My doctor said there's medications you can take for it if it's very bad, but she wouldn't want me to take them unless I really needed them. They can lower blood pressure, and I already have quite low blood pressure.

My SIL and 2 of her sisters all have Raynaud's. I'm not sure which type each of them has but I do know they carry gloves with them all the time, even in the summer. My SIL's fingers become like Lynn's, whitish yellow.

I am sorry you have to now deal with this diagnosis as well but at least you now know what is causing this symptom.

Hang in there and carry gloves and other warming devices like the ones you can put in your gloves and/or socks.:hug::grouphug:

Thank you tkrik :) and thank you for sharing.

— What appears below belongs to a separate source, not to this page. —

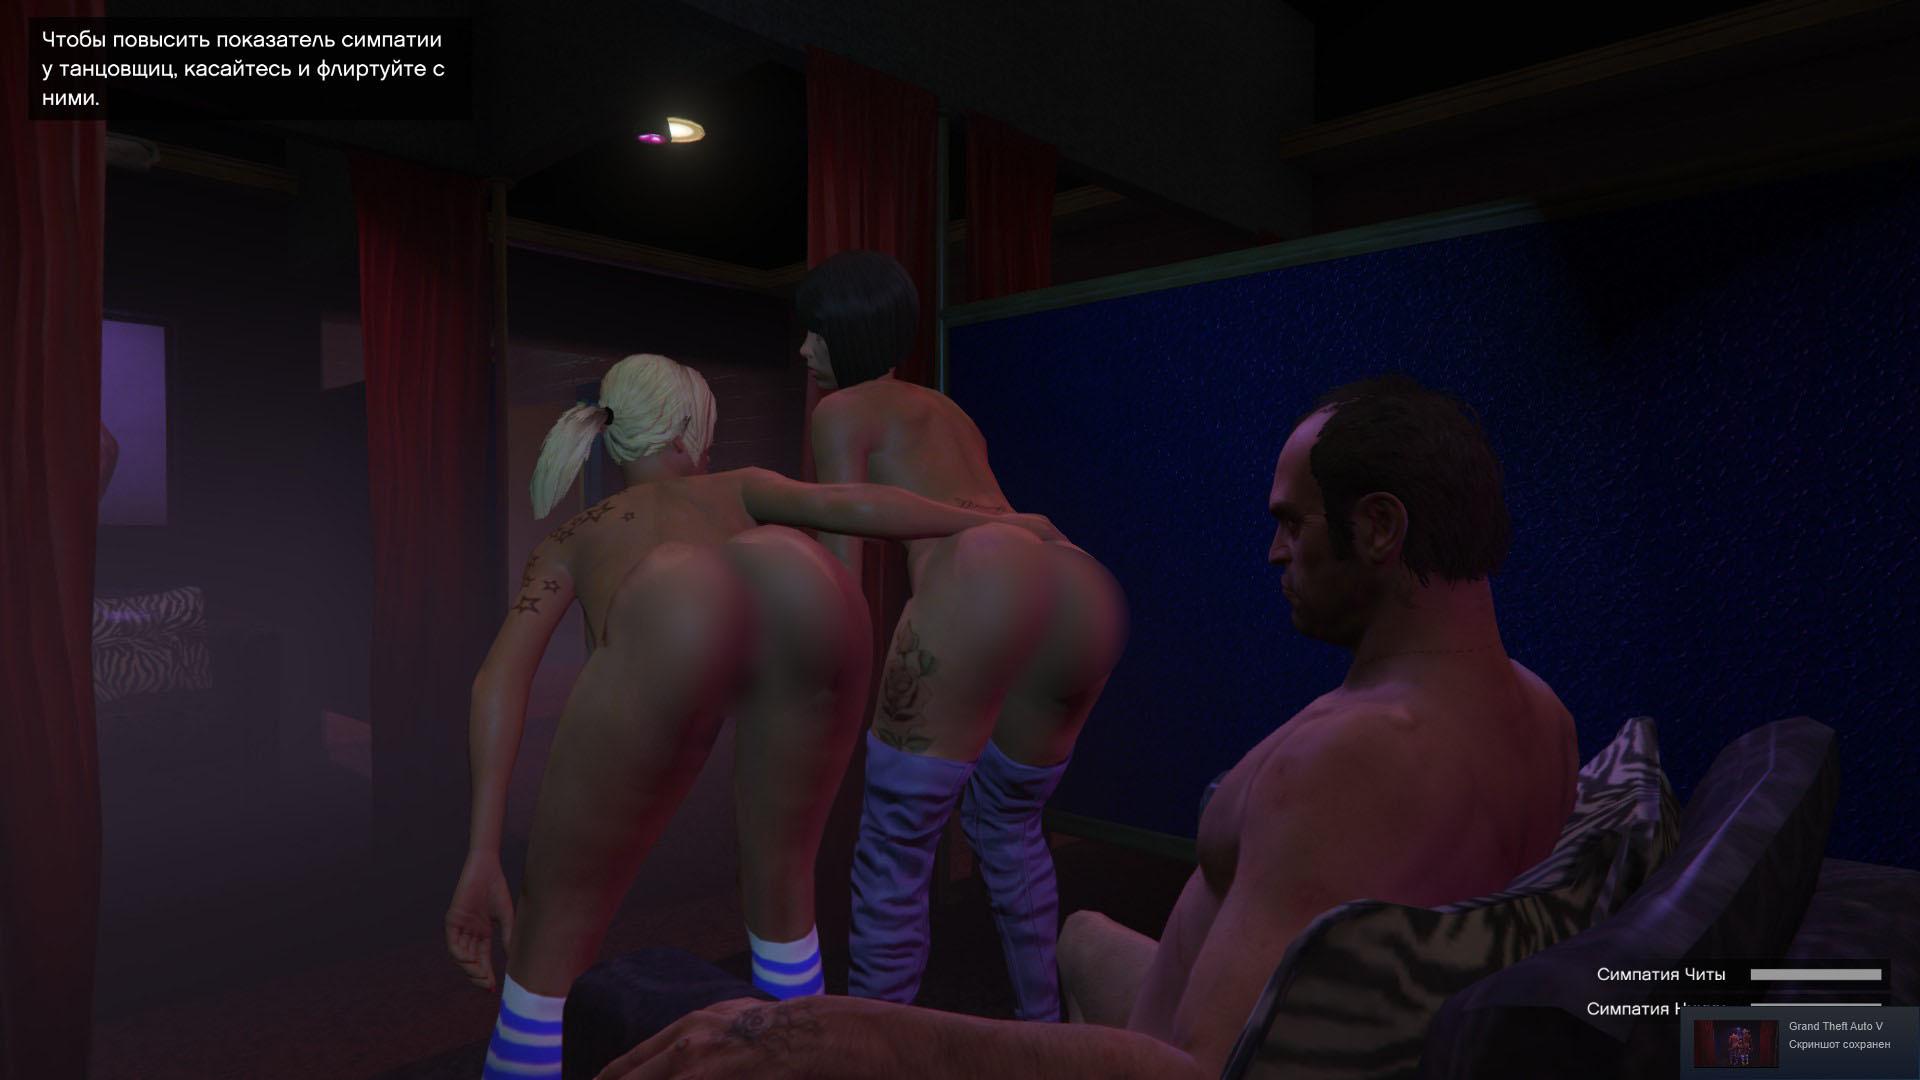 Fully nude stripper
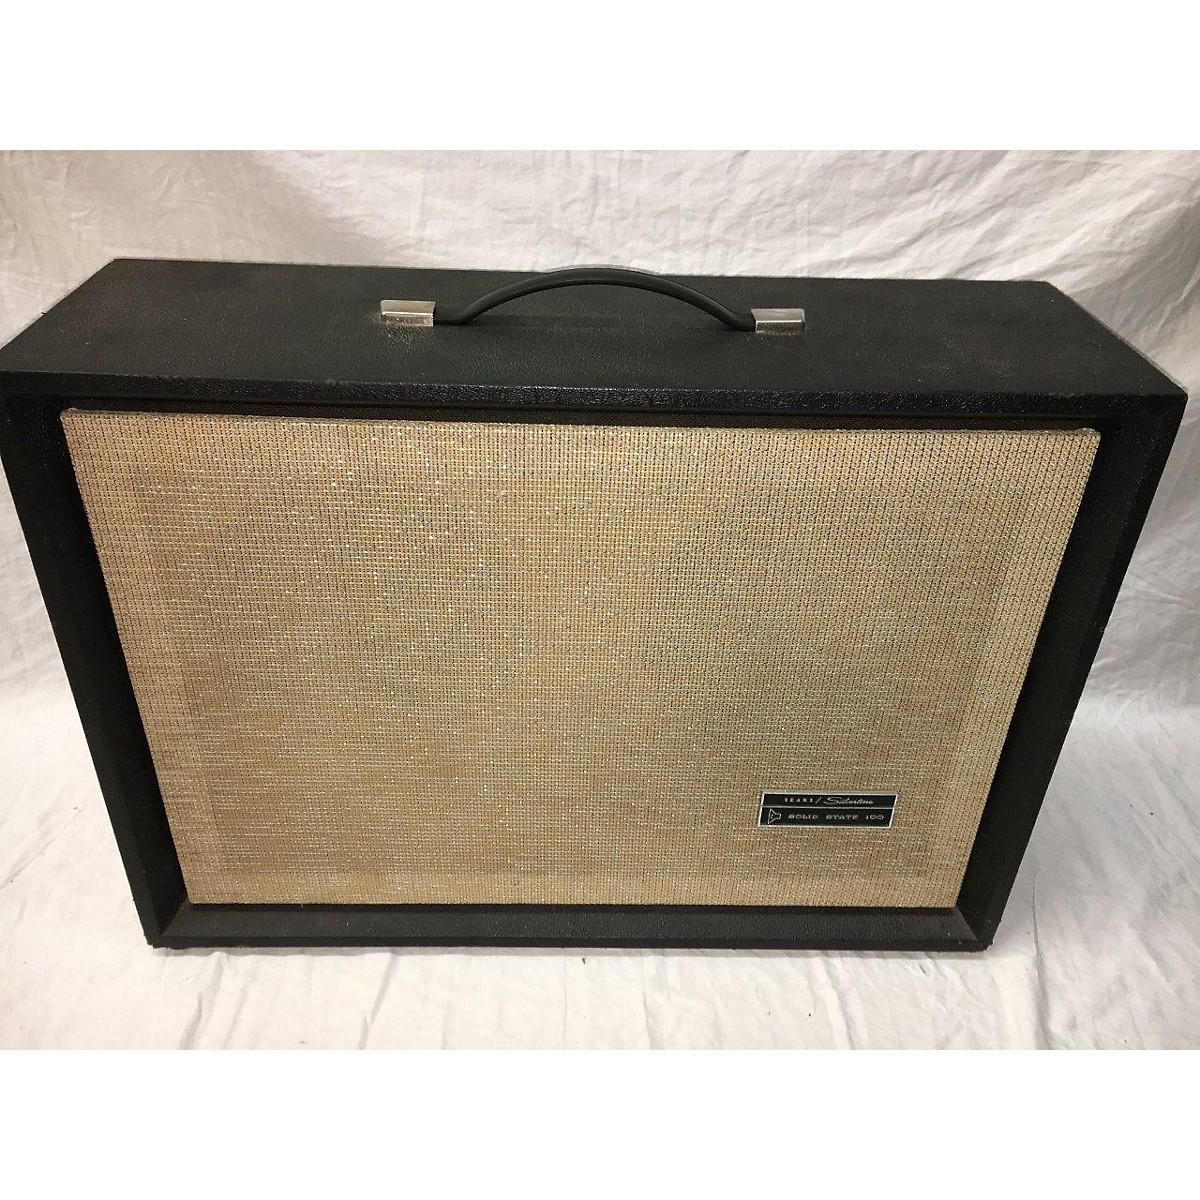 In Store Vintage Vintage 1960s SEARS SILVERTONE 2X12 Guitar Cabinet

I wear 2 layers of socks, most times in the summer as well. I don't find that my hands are too bad in the summer, but I'll keep that glove suggestion in mind (I'll pick up a pair to carry in my purse, I have 2 pairs I carry with me in my coat pockets in the Winter).

I just bought, at the suggestion of a friend, boots called "Hut Boots" (or formerly called - they've since changed the name of them) which are for indoor wear to warm up the feet after you've been outdoors for an extended period (skiing, for example). She has fibro and has severe cold issues in hands/feet, and swears by the boots (they're more like a boot slipper). Says she can't live without them, especially when it's very cold and damp. Perfect! I'll get them in the mail shortly, I hope they do the trick, they weren't cheap (but where health and well being are concerned, I think it's important to splurge on good items!).

Weather's warming up here. Now get this... while I have the Raynaud's affecting my hands/feet, once the humidity kicks in for the summer, I have "dyshidrosis" (form of eczema) on my thumbs, index, and middle fingers. Both hands. My mother also gets this. They sometimes call it "bad sweating".

Goooo figure! lol! When life throws lemons at you, make lemonaid! ;)

That's different Lynn, I've not noticed a line across the joint as you explain/describe, but I'll be on the look out for oddities.

Do you find your fingers and toes ache horribly at times?

:hug: Sorry to hear that you have this as well. Le sigh.